My biggest fear has always been dying alone, being alone, being single. Loneliness in general has always terrified me. I was terrified of ending my days without friends, without a family, and without the love of my life by my side.
Bullshit.
If I could talk with my past self, I would tell her not to be afraid because we are each other's best company: we like the same movies, we find the same stupid jokes funny, we like the same music, we want to see the same places around the world, we like the same type of food, we share the same faith and, best of all, we enjoy the same freedom of mind, body, and spirit. This would have saved me from unnecessary situations when I was younger.

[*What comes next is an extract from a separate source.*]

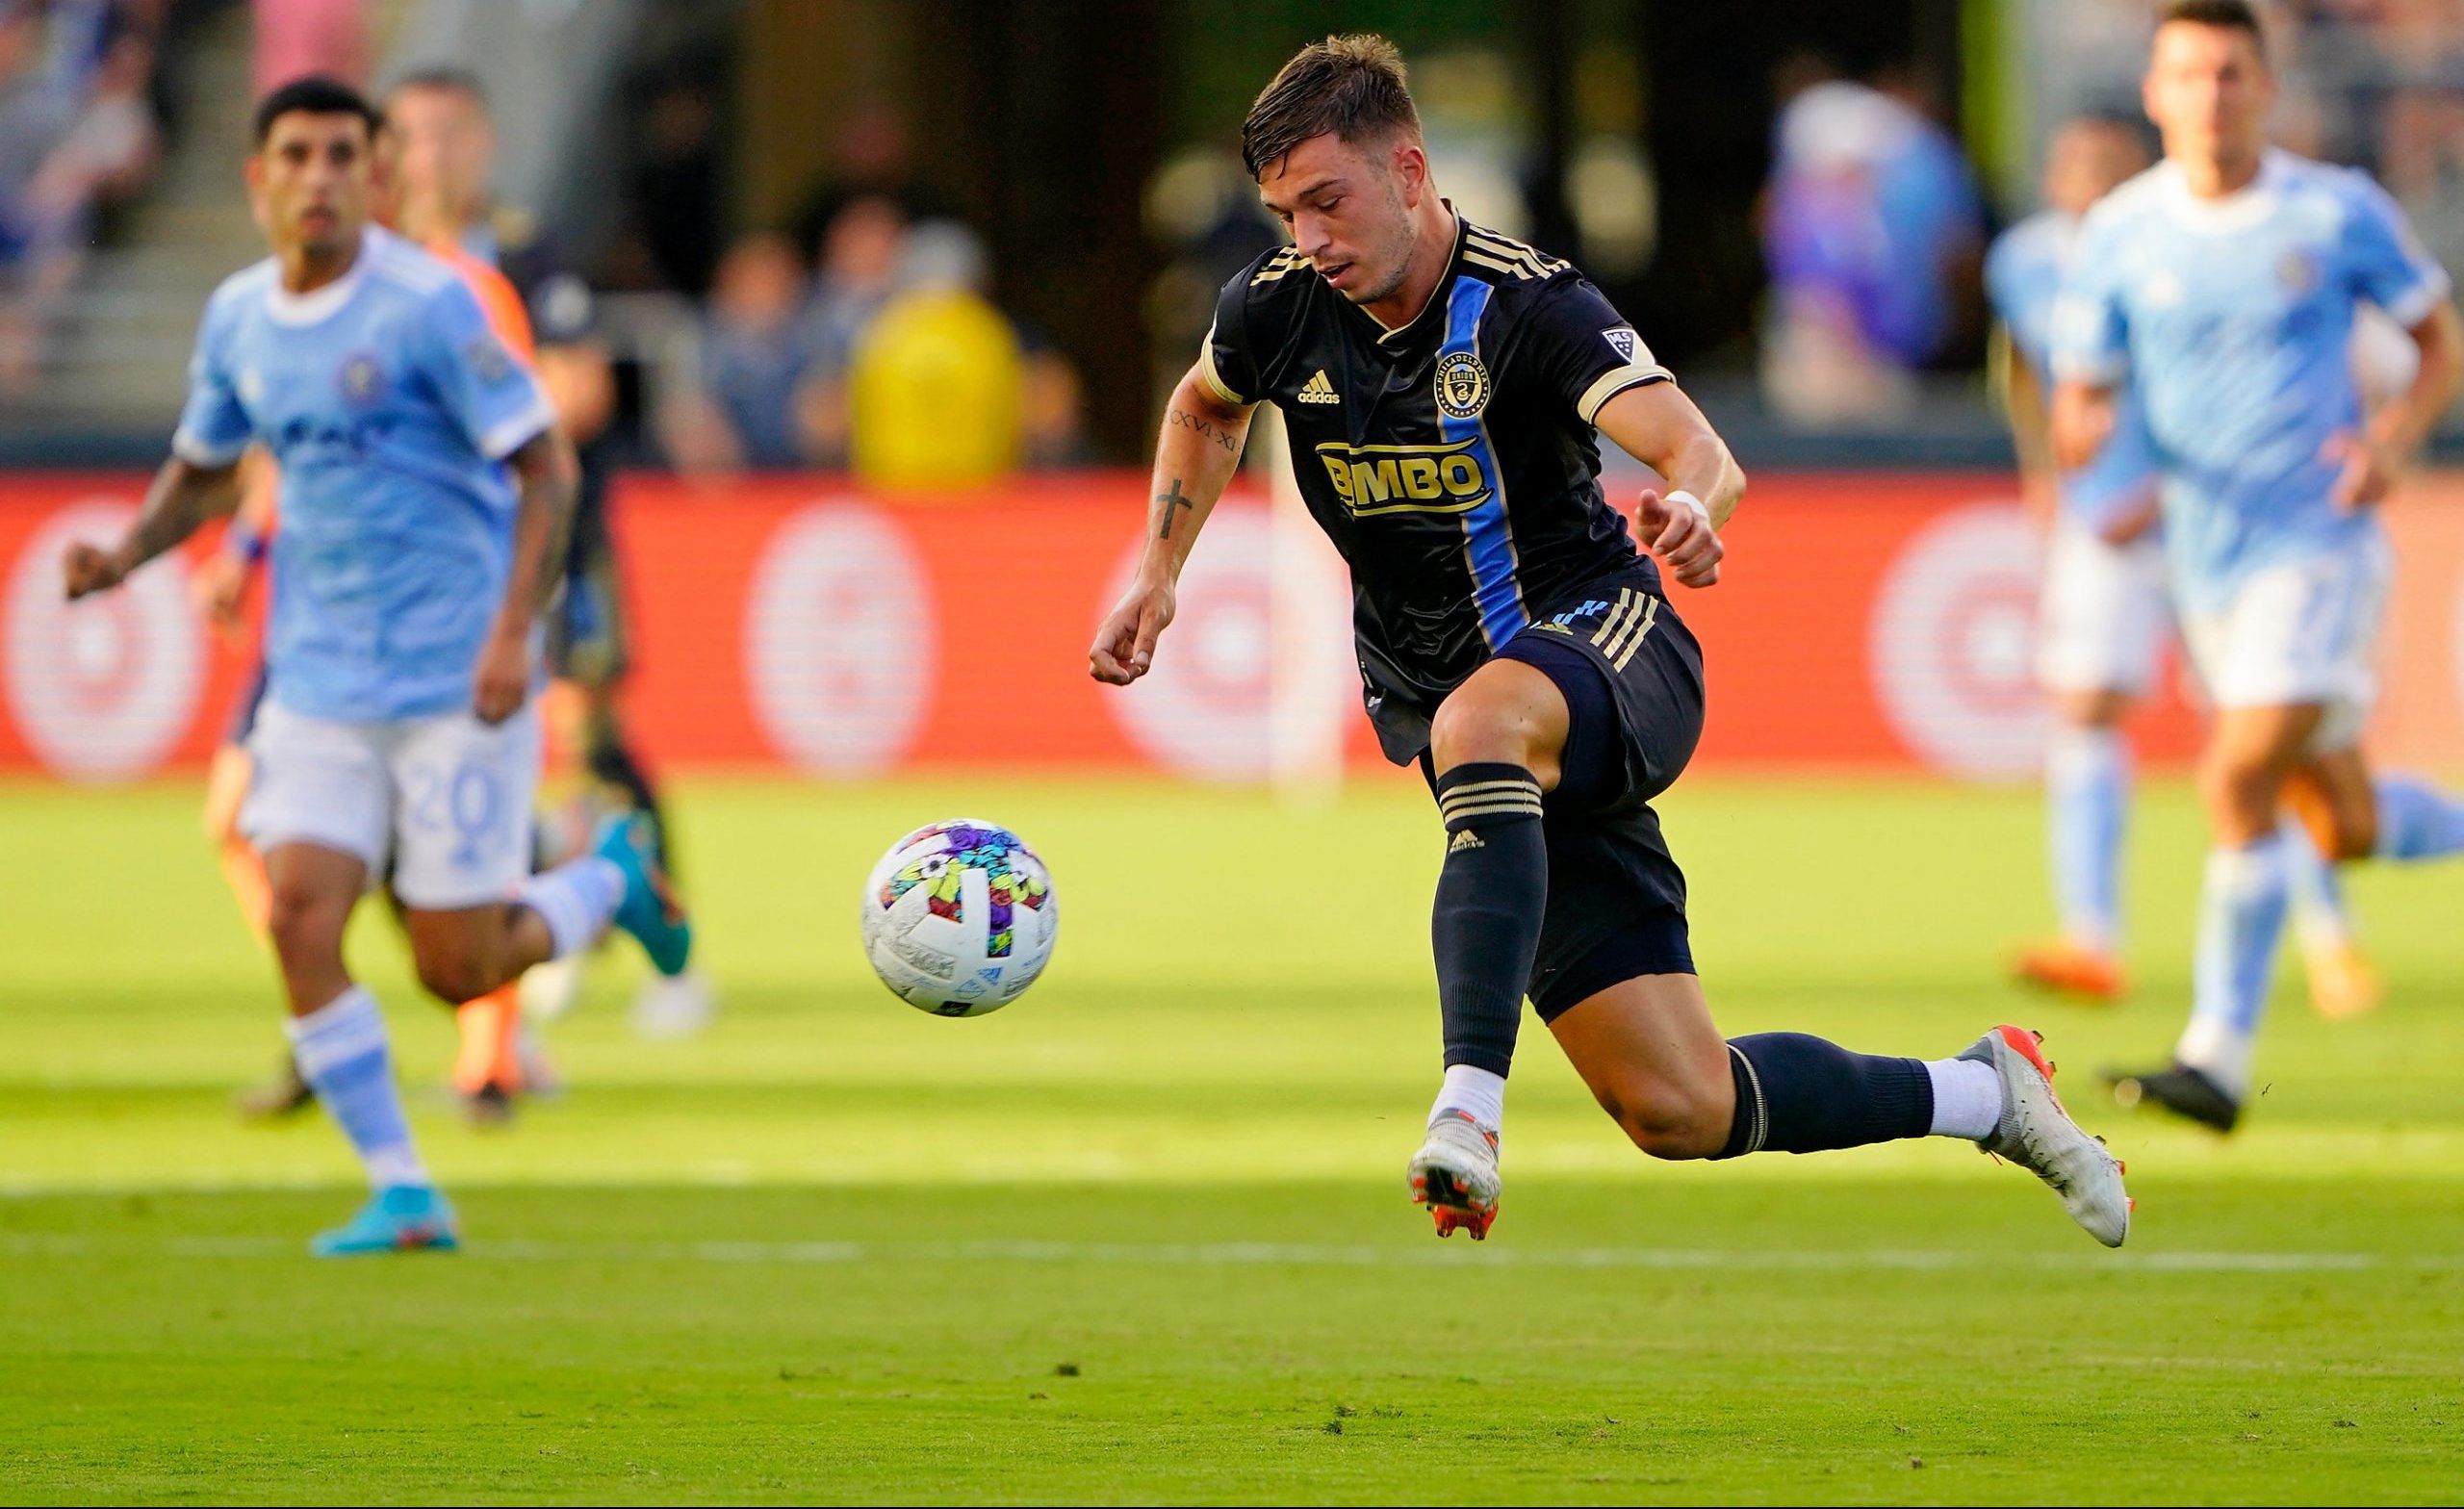 Jun 26, 2022; Philadelphia, Pennsylvania, USA; Philadelphia Union defender Kai Wagner (27) makes a play for the ball against New York City FC during the second half at Subaru Park. Mandatory Credit: Gregory Fisher-USA TODAY Sports

For example, I would have avoided the embarrassment of ending up in the middle of the dance floor with a guy to dance pagoda (a musical style I don't particularly enjoy), proving what a fraud I am as a Brazilian woman for not sharing the same abilities for samba as most of my compatriots. After the first spin - where my feet ended up there where my head should be - when I returned to the Homo sapiens position, I said to my partner “I told you I didn’t know how to dance and this is how you treat me?”
I turned my back and returned to my favorite place that night (the strategically placed stool in front of the bar) thinking, “I don’t need this.”
I really didn’t need it, but I insisted on going with my friends who knew how to samba to this kind of party because they were my only friends. I loved them and wanted to please them. Back then, my biggest flaw was always worrying more about pleasing others than myself. I always put other people’s needs first. All of this out of fear of being alone.
I don’t know when in my life this fear took over, but it wasn’t always like this. When I was a kid, I would spend hours playing alone, and I even preferred it that way because I could play with whatever I wanted, whenever I wanted and however I wanted, without anyone interfering in the story I was making up for my dolls or myself. I had no problem being my only company.
I think this fear began when I suffered my first romantic rejection. You know?! My first teenage love. I was crazy about this guy for about three years, he knew it and didn't care. He was a “fish or cut bait” kind of guy, I think. It was a complicated start in my emotional life.
The whole point is that while I was putting myself in the position of a victim, of a poor thing, I always believed that I had some problem and that was why I would end up alone. Perhaps this triggered a panic of loneliness within me, making me act submissively concerning external events. The fear of being alone made me abandon the person I really was. I wanted to please, to be loved, and to be part of something, of some group, and for years I was a social chameleon, transforming myself into everything to everyone. This influenced my choices, my habits, my hobbies, the way I dressed, how I behaved, and how I spoke. All to impress the people around me and be accepted by them, be one of them.
I went with the flow because I believed this was how it had to be and that I had no other option. I felt depressed for years because my mind was conflicted with my heart - which always knew that the truth was different... That it was possible to follow my own path by pleasing the person who mattered the most to me: myself.